Behind this apparently simple reaction is a multistep mechanism. The key steps of transphosphorylation are as follows:
- NDPK binds to a NTP1
- A phosphoryl group from NTP1 is transferred to His in active site of NDPK
- Phosphoenzyme intermediate is formed
- Initially bound NDP1 is released from NDPK bringing in new NDP2
- Phosphoryl group is transferred from NDPK-His to NDP2 or dNDP2, creating a bound NTP2
- NDPK releases the new NTP2

Each step is part of a reversible process, such that the multistep equilibrium is of the following form.

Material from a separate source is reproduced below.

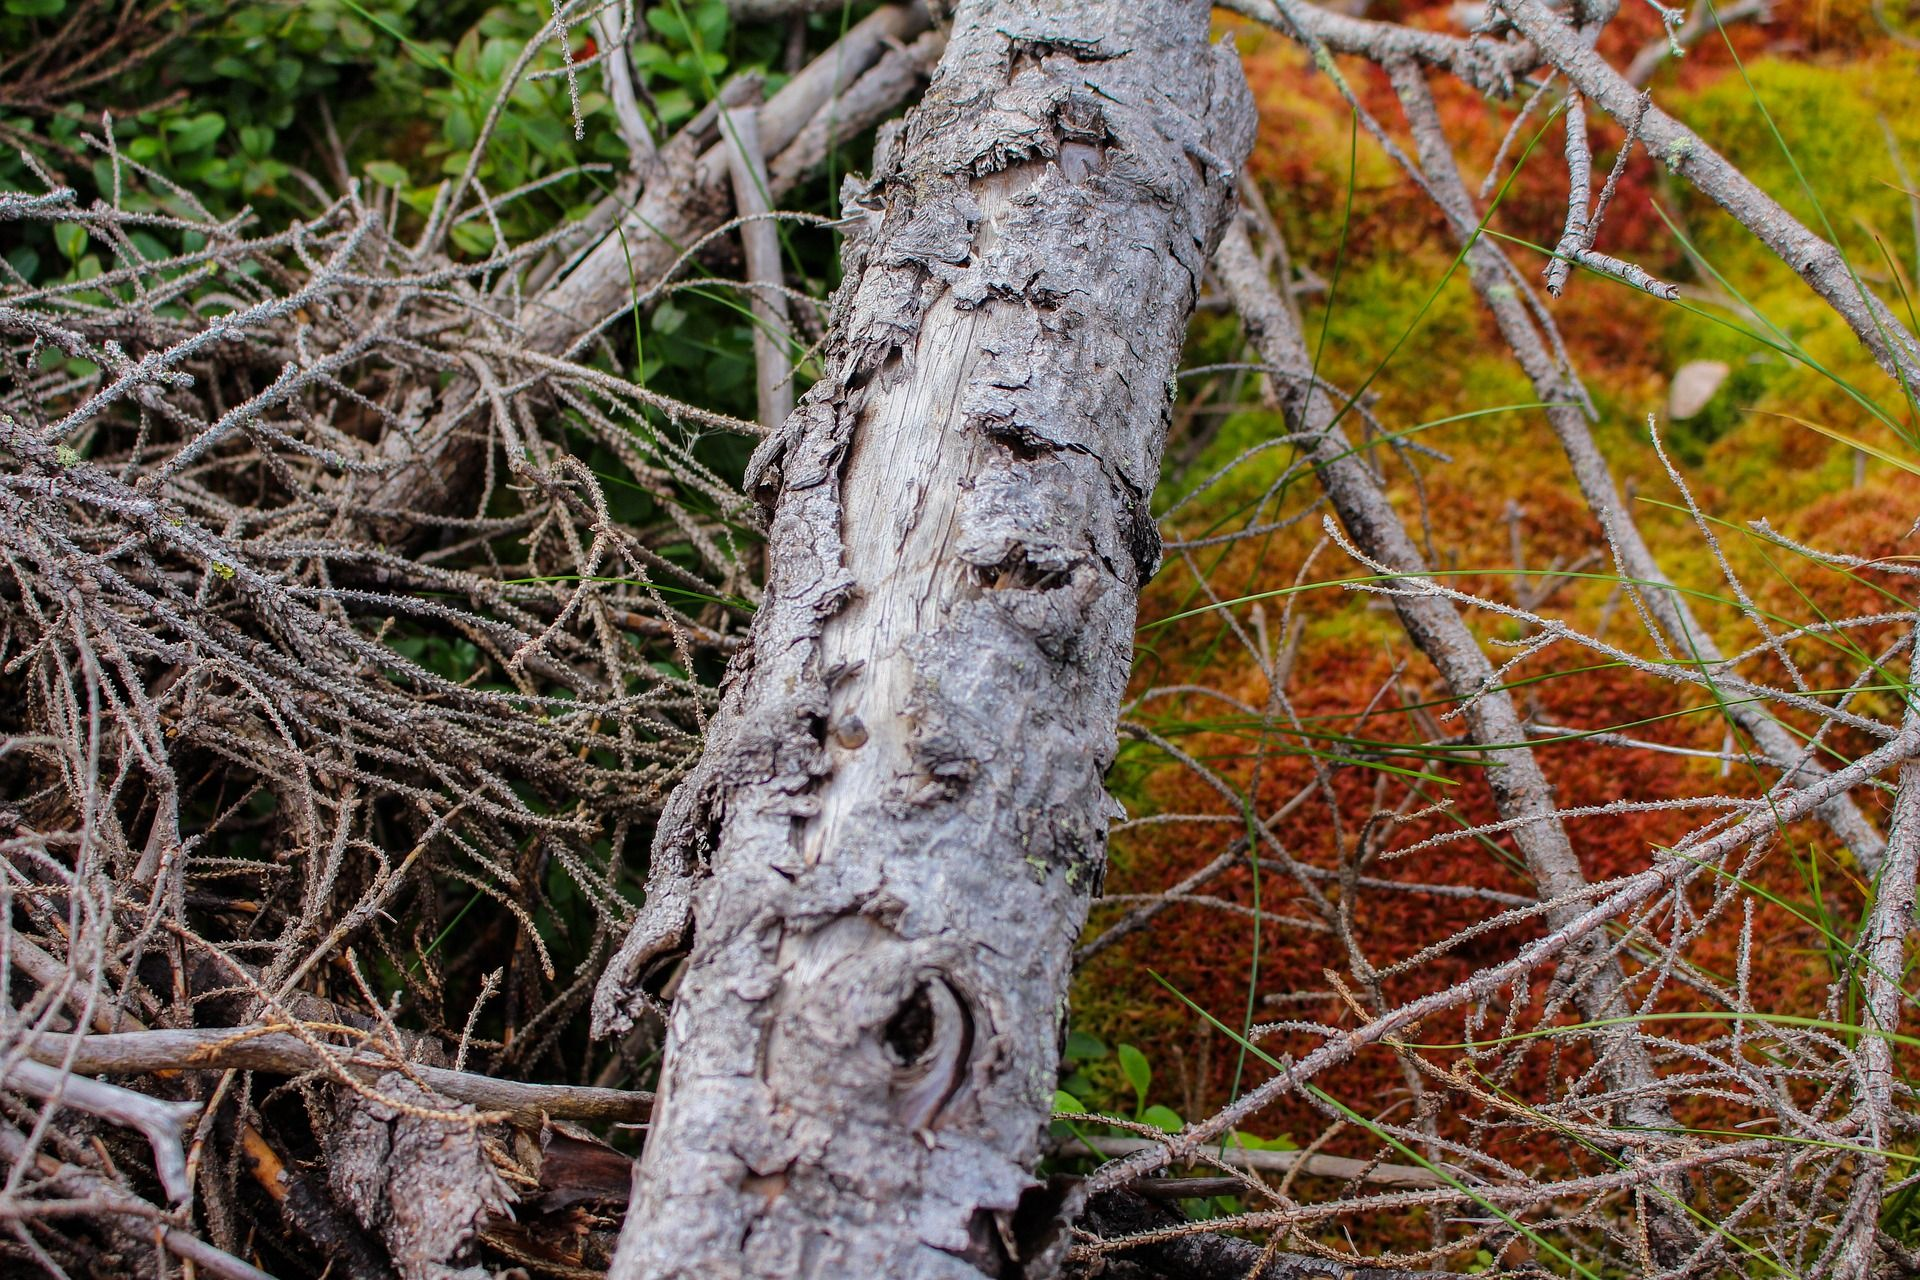 Ökosysteme hängen zusammen

NDPK + NTP ↔ NDPK~NTP ↔ NDPK-P~NDP ↔ NDPK-P + NDP
NDPK's roles in these NTPs differ; generally, kinases bring in NTPs for nucleic acid synthesis. CTP is provided for lipid synthesis, UTP for polysaccharide synthesis while GTP is used for protein elongation and signal transduction.
During cAMP-mediated signal transduction, NDPK is responsible for phosphorylating GDP released from G proteins activated from receptor binding; once ATP donates a phosphate group via activity of NDPK, GTP is consecutively bound. Increased activity of membrane-associated NDPK yields cAMP synthesis.
NDPK controls K+ channels, G proteins, cell secretion, cellular energy production, and UTP synthesis.

==Regulation==

===Inhibition by AMPK===
NDPK usually consumes ATP, the most abundant cellular nucleotide, and stores the nucleotides. However, consumption of ATP would definitely influence the cellular energy balance, which brings upon the regulation of AMP-activated protein kinase (AMPK). AMPK acts as the energy sensor and regulates ATP pathways by turning the generating pathways or not. Because of such activity, AMPK could directly inhibit NDPK through phosphorylation. To be more specific, NDPK supports the production of nucleotides in high-energy and low-stress cellular states. However, this can only happen when AMPK is inactivated because low-stress cellular states of ATP triggers the activation of AMPK, which eventually decreases NDPK activity by phosphorylating serine residues.

==Prokaryotic systems==
In most prokaryotes, the NDPK enzyme is tetrameric. It has been reported in a number of pathogens. NDPK function has been studied in Escherichia coli, Bacillus subtilis, Salmonella typhimurium, Micrococcus luteus, and Myxococcus xanthus. Prokaryotic NDPK forms a functional homotetramer. Nucleoside diphosphate kinase activity involves the transfer of the γ-phosphate of nucleoside triphosphate (NTP) to nucleoside diphosphate (NDP), where N1 and N2 can be ribo- or deoxyribonucleosides. This is done via a high energy phosphohistidine intermediate. Besides involvement in the synthesis of pyrimidine nucleotides, prokaryotic NDPK is also involved in several metabolism cycles. NDPK has also been discovered to act as a protein histidine kinase, which involves a reversible histidine phosphorylation as a well-known regulatory signal. However, in most prokaryotes, NDPK expression levels are involved in the cell growth, development and differentiation of the organism, especially bacteria.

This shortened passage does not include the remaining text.